Pictured: "For example Highlands College, can be positioned to support innovation and the skills needed to exist and thrive in the new economy in a broader way."
Other strategic drivers that have been put forward by the Economic Council refer to education and ask whether and how some of our existing resources, for example Highlands College, can be positioned to support innovation and the skills needed to exist and thrive in the new economy in a broader way, linking-up with other arms-length organisations that themselves promote further education, skills and lifelong learning.
A commitment to lifelong learning also represents a genuine opportunity for a sustainable partnership between the public, private and third sectors and the creation of a unique learning ecosystem. In this regard, we acknowledge the activities of many private and third sector organisations who already form part of an ecosystem that promotes lifelong learning to both local and international students.

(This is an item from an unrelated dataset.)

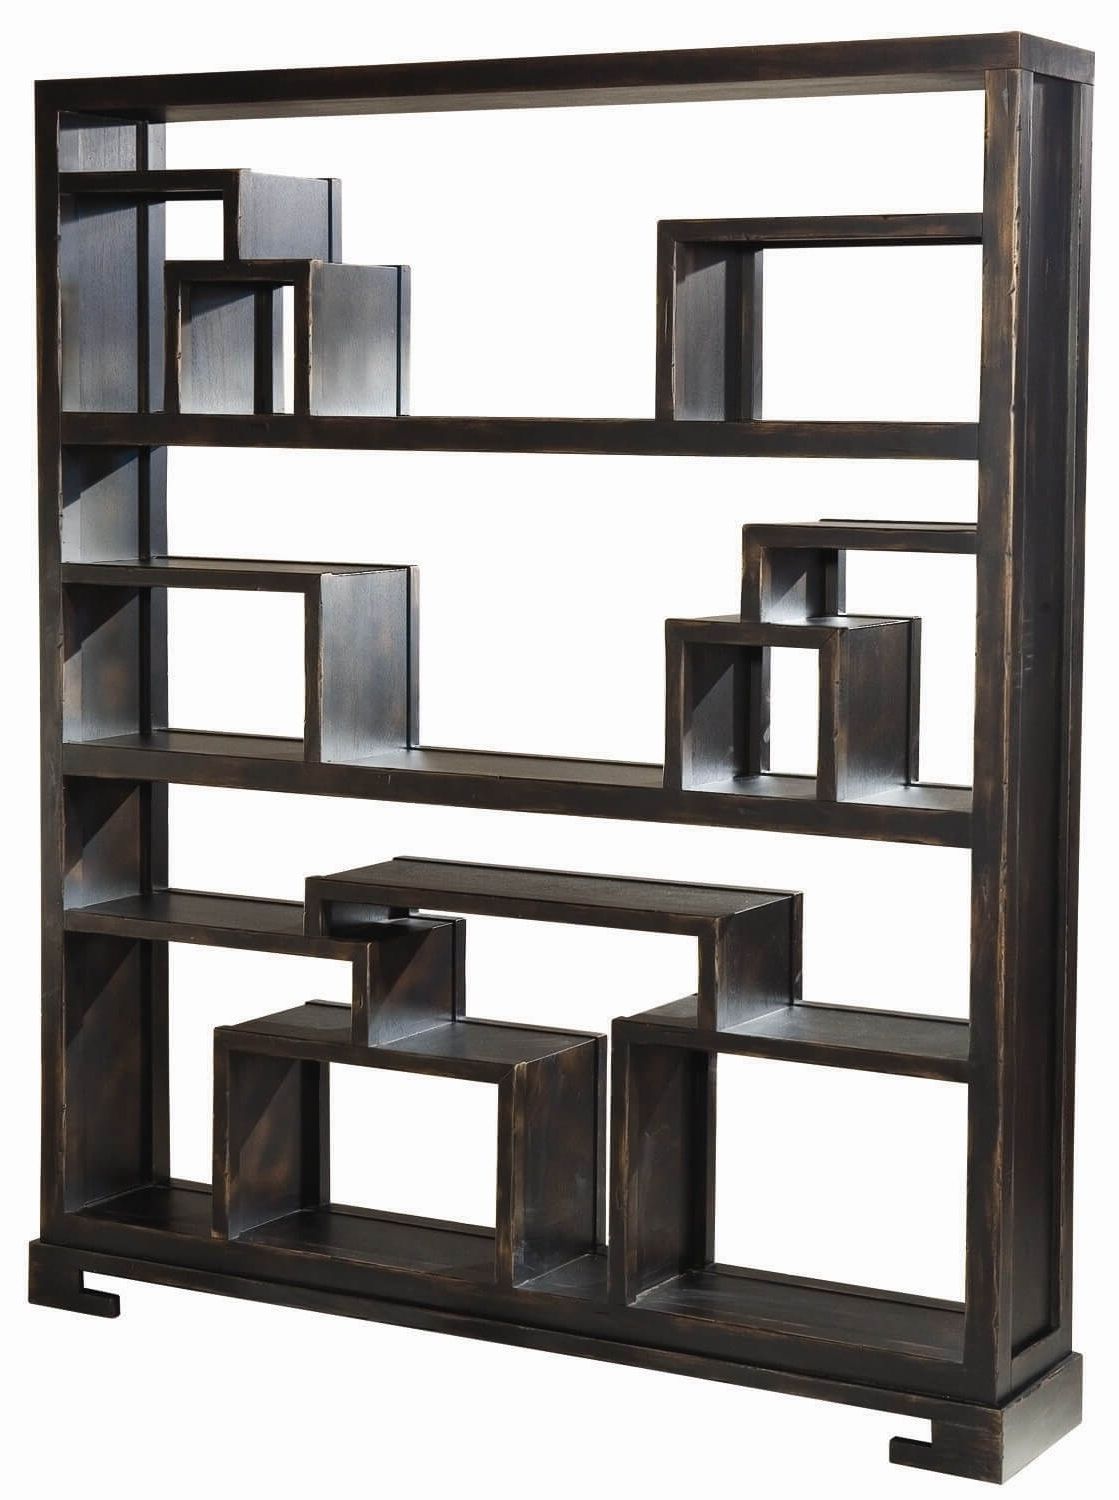 Backless Bookshelves Intended For Latest 17 Types Of Cube Shelves, Bookcases & Storage Options (View 1 of 15)

These include the Digital Jersey Academy, multiple providers of professional qualifications and professional development in the financial services sector, as well as third sector organisations such as the ‘Durrell Conservation Academy’, who – from Jersey – are world leaders in conservation capacity development and whose conservation academy has trained thousands of students at all points of their career and has a globally important purpose: to provide the skills and experience to prevent further endangered species from becoming extinct.

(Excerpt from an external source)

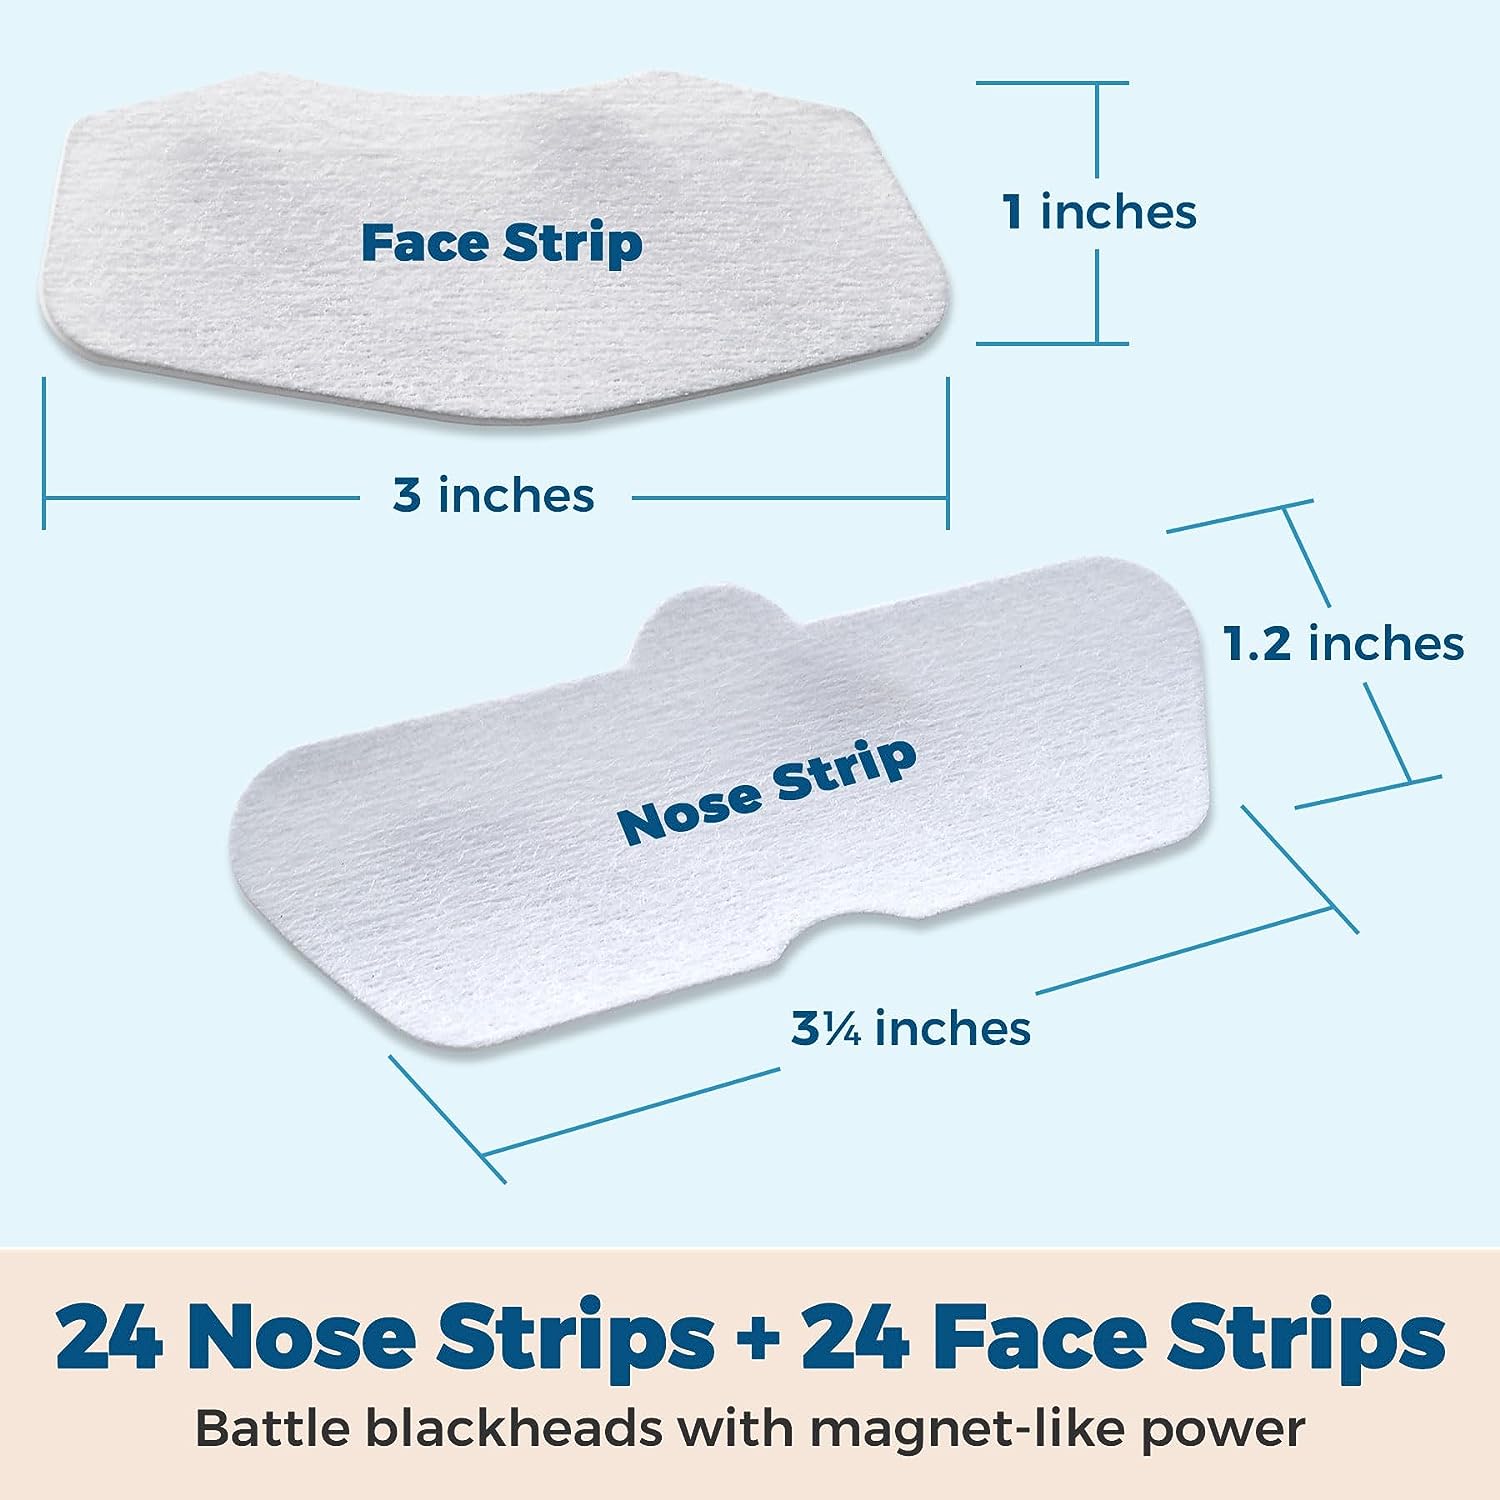 MEDca Deep Cleansing Pore Strips Combo Pack, 48 Count Strips Exfoliants & Scrubs - image 6 of 9

These are cited as examples to demonstrate an existing education and skills development capability in the Island that exists beyond the Government’s own education system and should be leveraged and expanded upon to deliver the stated Vision of Skills Jersey, “A confident, motivated and skilled society for Jersey”, and a Mission that, "Local people of all ages have the ability to choose and achieve positive career, life and learning goals, aligning with the needs of the Island, in collaboration with industry”. The Economic Council could not have summed-up the strategic ask any better.